Breaking the Mother Goose Code: How a fairy tale fooled the world for 300 years
by Jeri Studebaker
This is a fascinating book involving detection, ancient practices, fairy tales, nursery rhymes, our ancestors and goddesses, all revolving around the tale of Mother Goose.
Basing her ideas around two main theories 1) that Mother Goose was a European goddess in disguise and 2) that Mother Goose appeared from nowhere at the time that European Pre Christians were being dealt a final blow with inquisitions and witch burnings, Studebaker sets out to prove that hidden within Mother Goose was in fact a goddess, a way of disguising the evidence until it was safe to reveal it. The goddesses Holda-Perchta, Aphrodite and Brigid are all among those considered to be the goddess depicted by Mother Goose.
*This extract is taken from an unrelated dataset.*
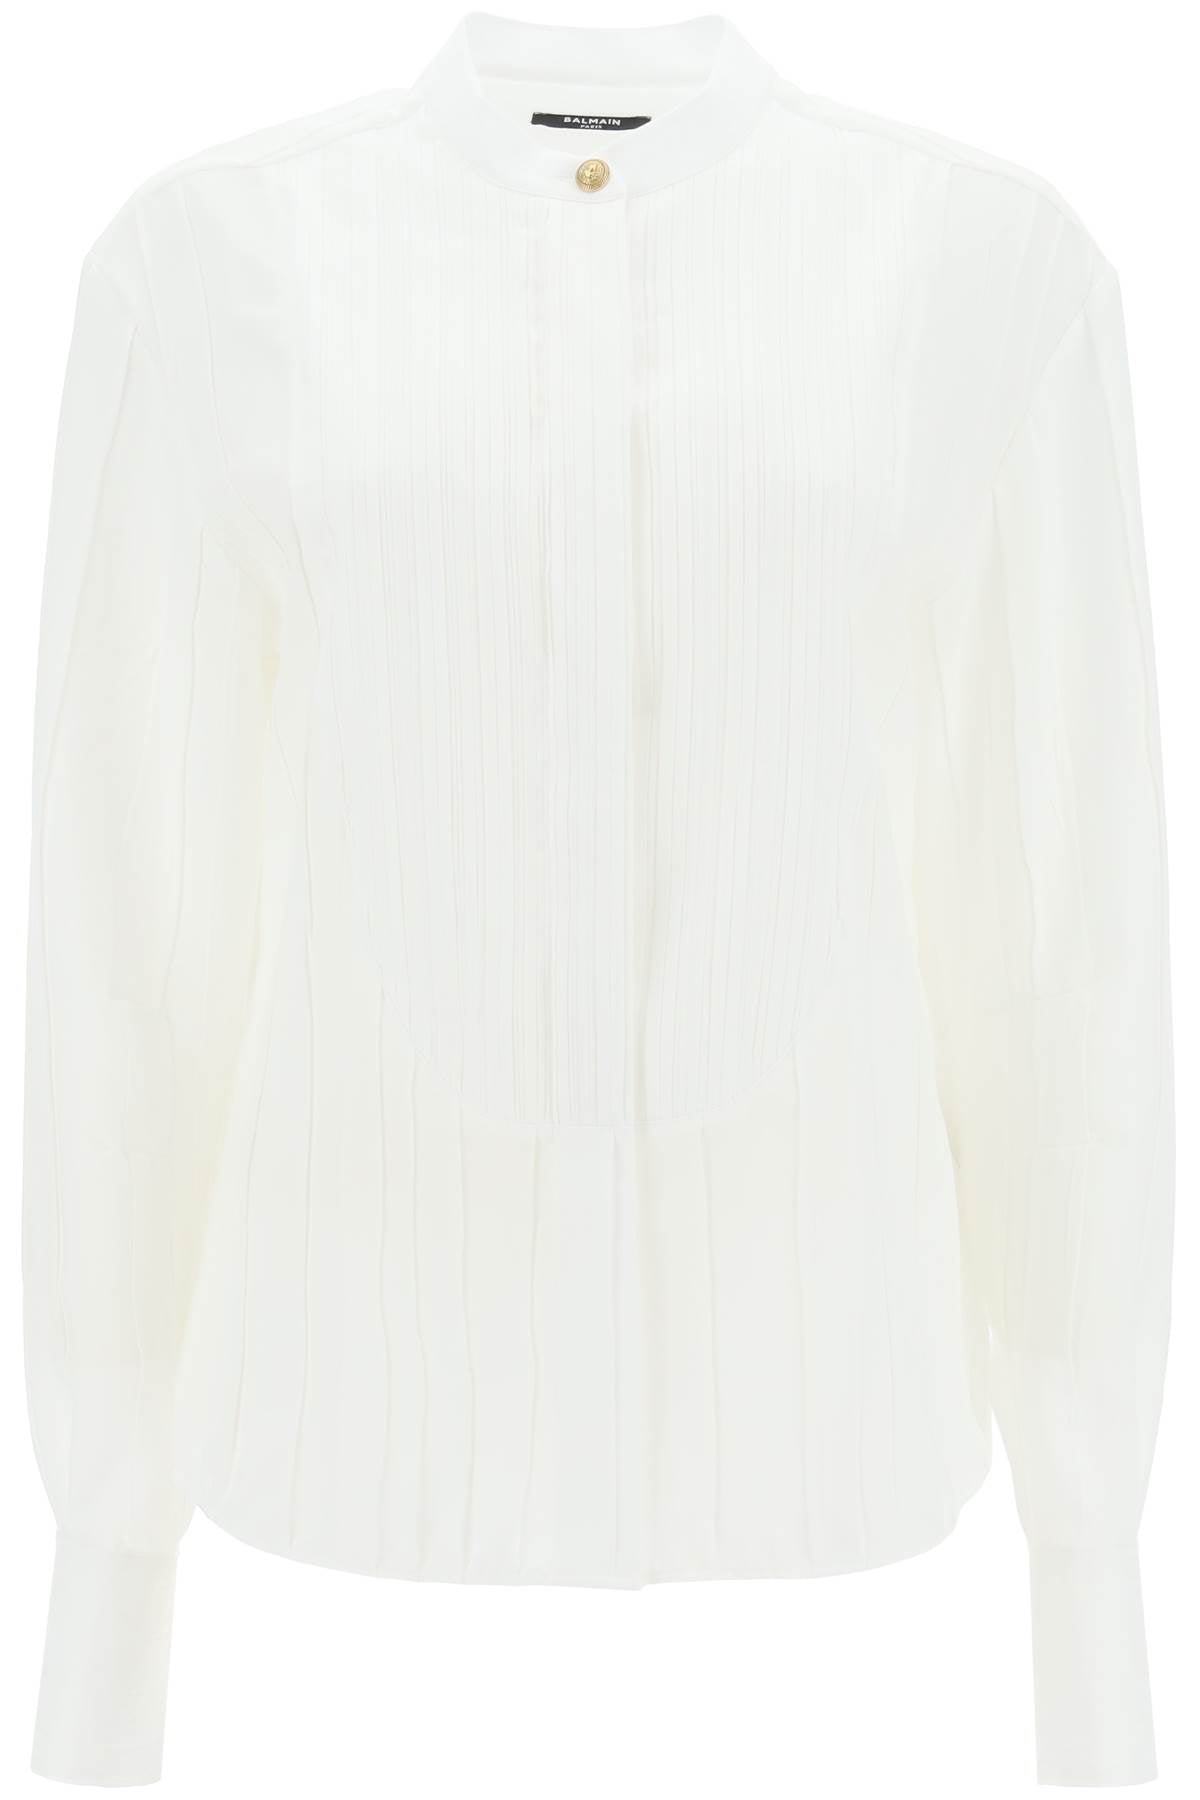 Shop Balmain Elegant White Pleated Bib Shirt For Women

Painstaking research and a creative and delving mind are put to task in teasing out links however tenuous at first in order to support her hypothesis and then the wider field of the purpose of fairy tales.
The author also looks at the secrets that are hidden in nursery rhymes of the time and in the second part of the book, at other early or Pre-patriarchal fairy tales and the various theories over their purpose in society as well as their common characteristics and proposing her own ‘secret code theory’. Finally, over several chapters she looks at specific European fairy tales and the information they provide about our goddess centred ancestors.
I have no memory of the Mother Goose tale as set out in this book, nor have I more than a passing knowledge of goddesses, this however did nothing to lessen my interest, particularly in the second part of the book where I found myself totally caught up in the world of my ancestors as disguised in fairy tales.